== Exercise ==
Each line of data below must be printed exactly as written, with any pictures removed.

─── Supplied data ───

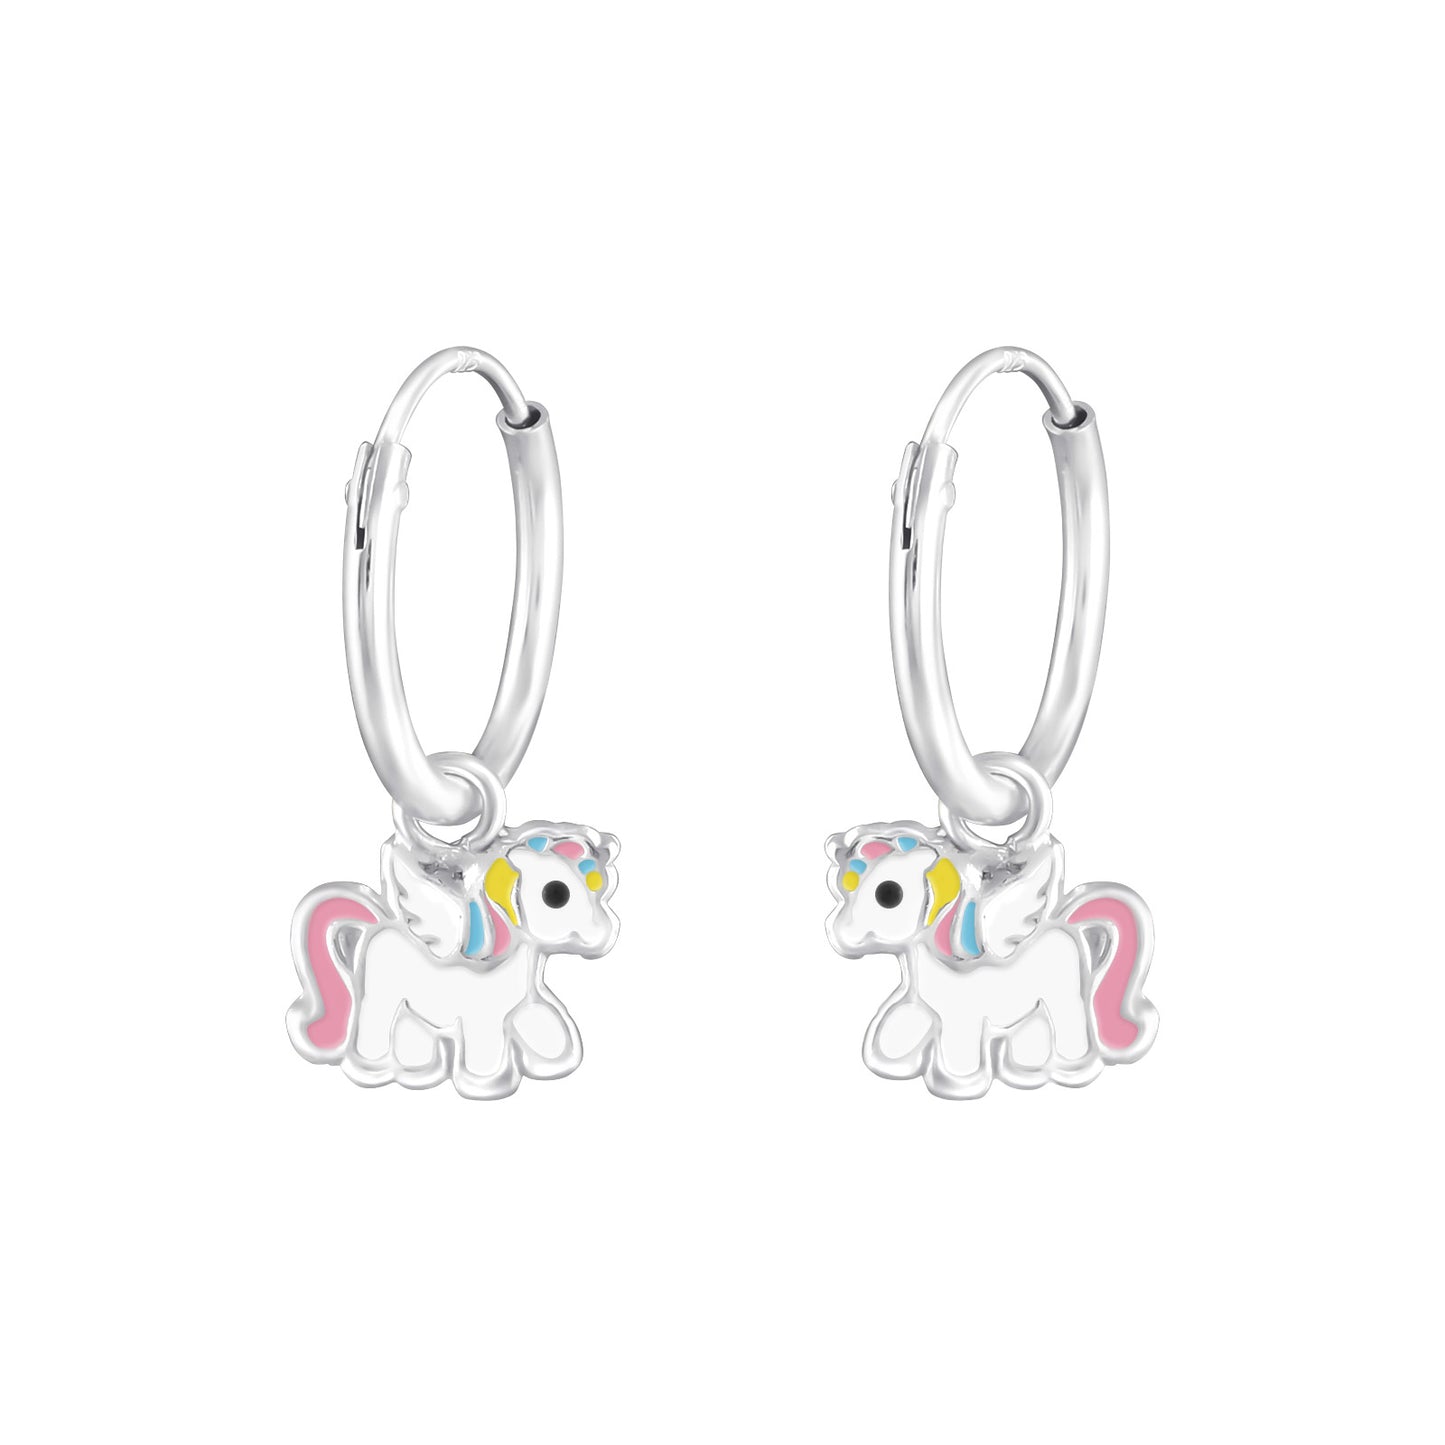 Unicorn Earrings - Kids Sleeper Earrings
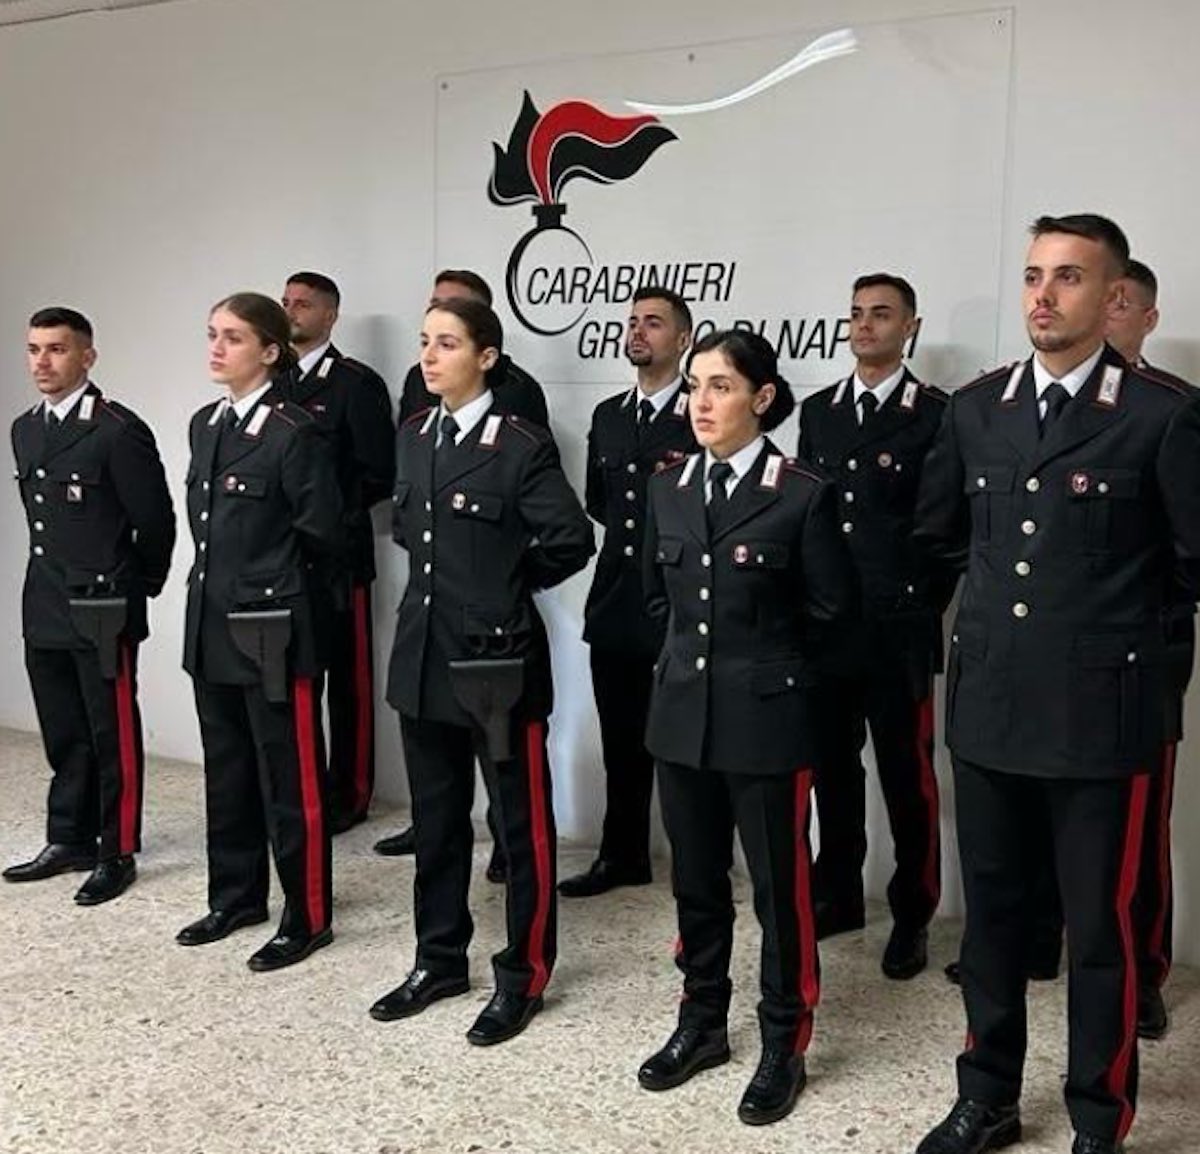 Nuove reclute per la sicurezza: Napoli accoglie 70 carabinieri
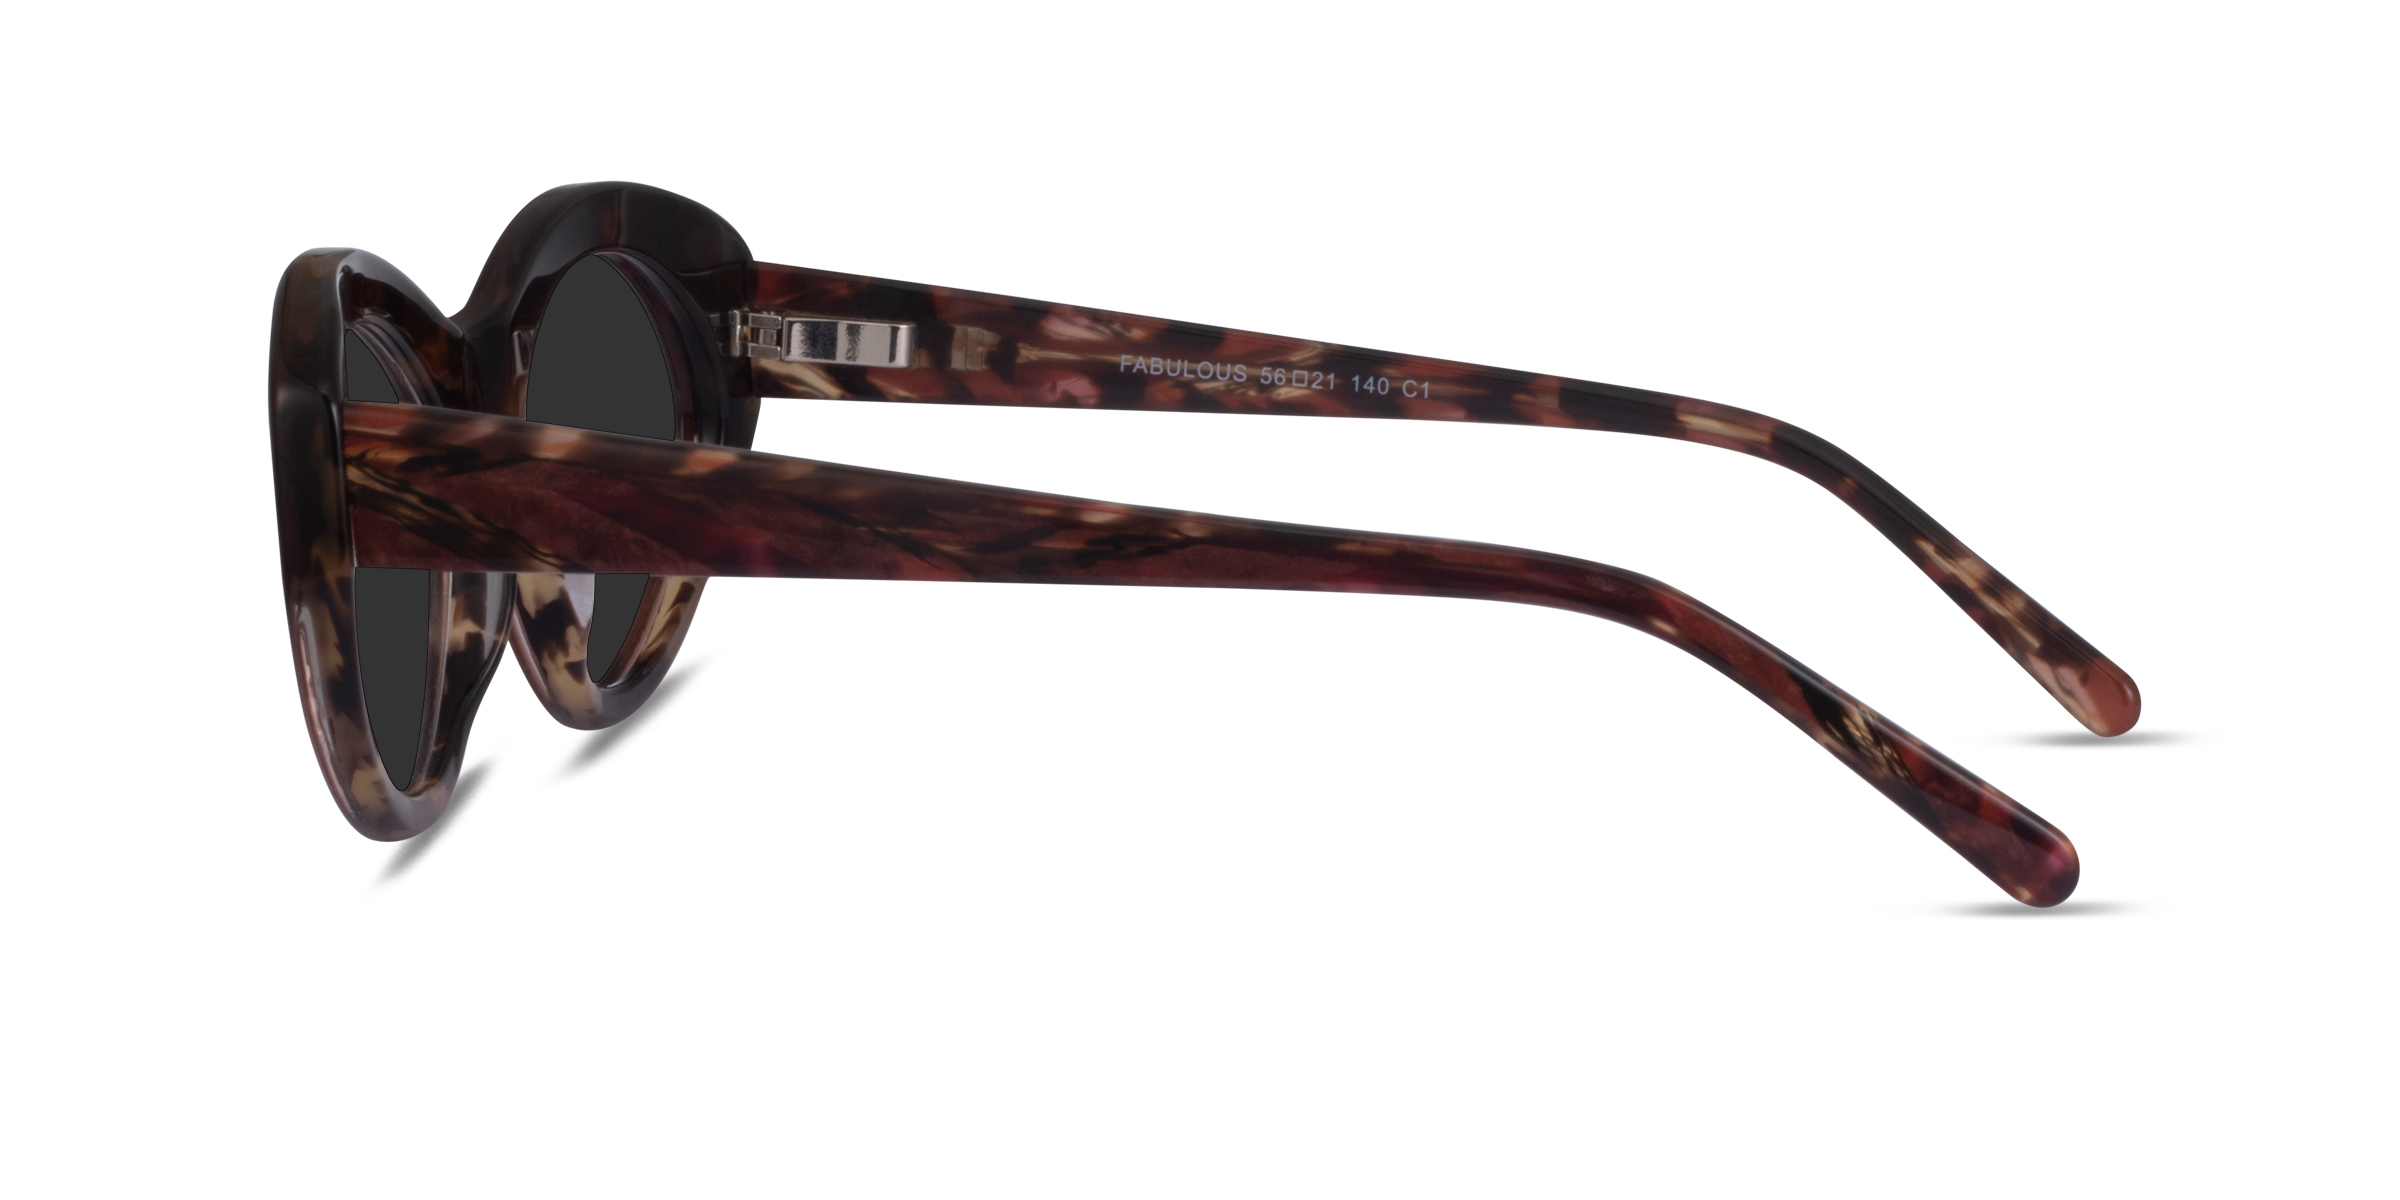 Fabulous - Cat Eye Striped Tortoise Frame Sunglasses For Women ...

───

== Written solution ==
 Unicorn Earrings - Kids Sleeper Earrings
 Nuove reclute per la sicurezza: Napoli accoglie 70 carabinieri
 Fabulous - Cat Eye Striped Tortoise Frame Sunglasses For Women ...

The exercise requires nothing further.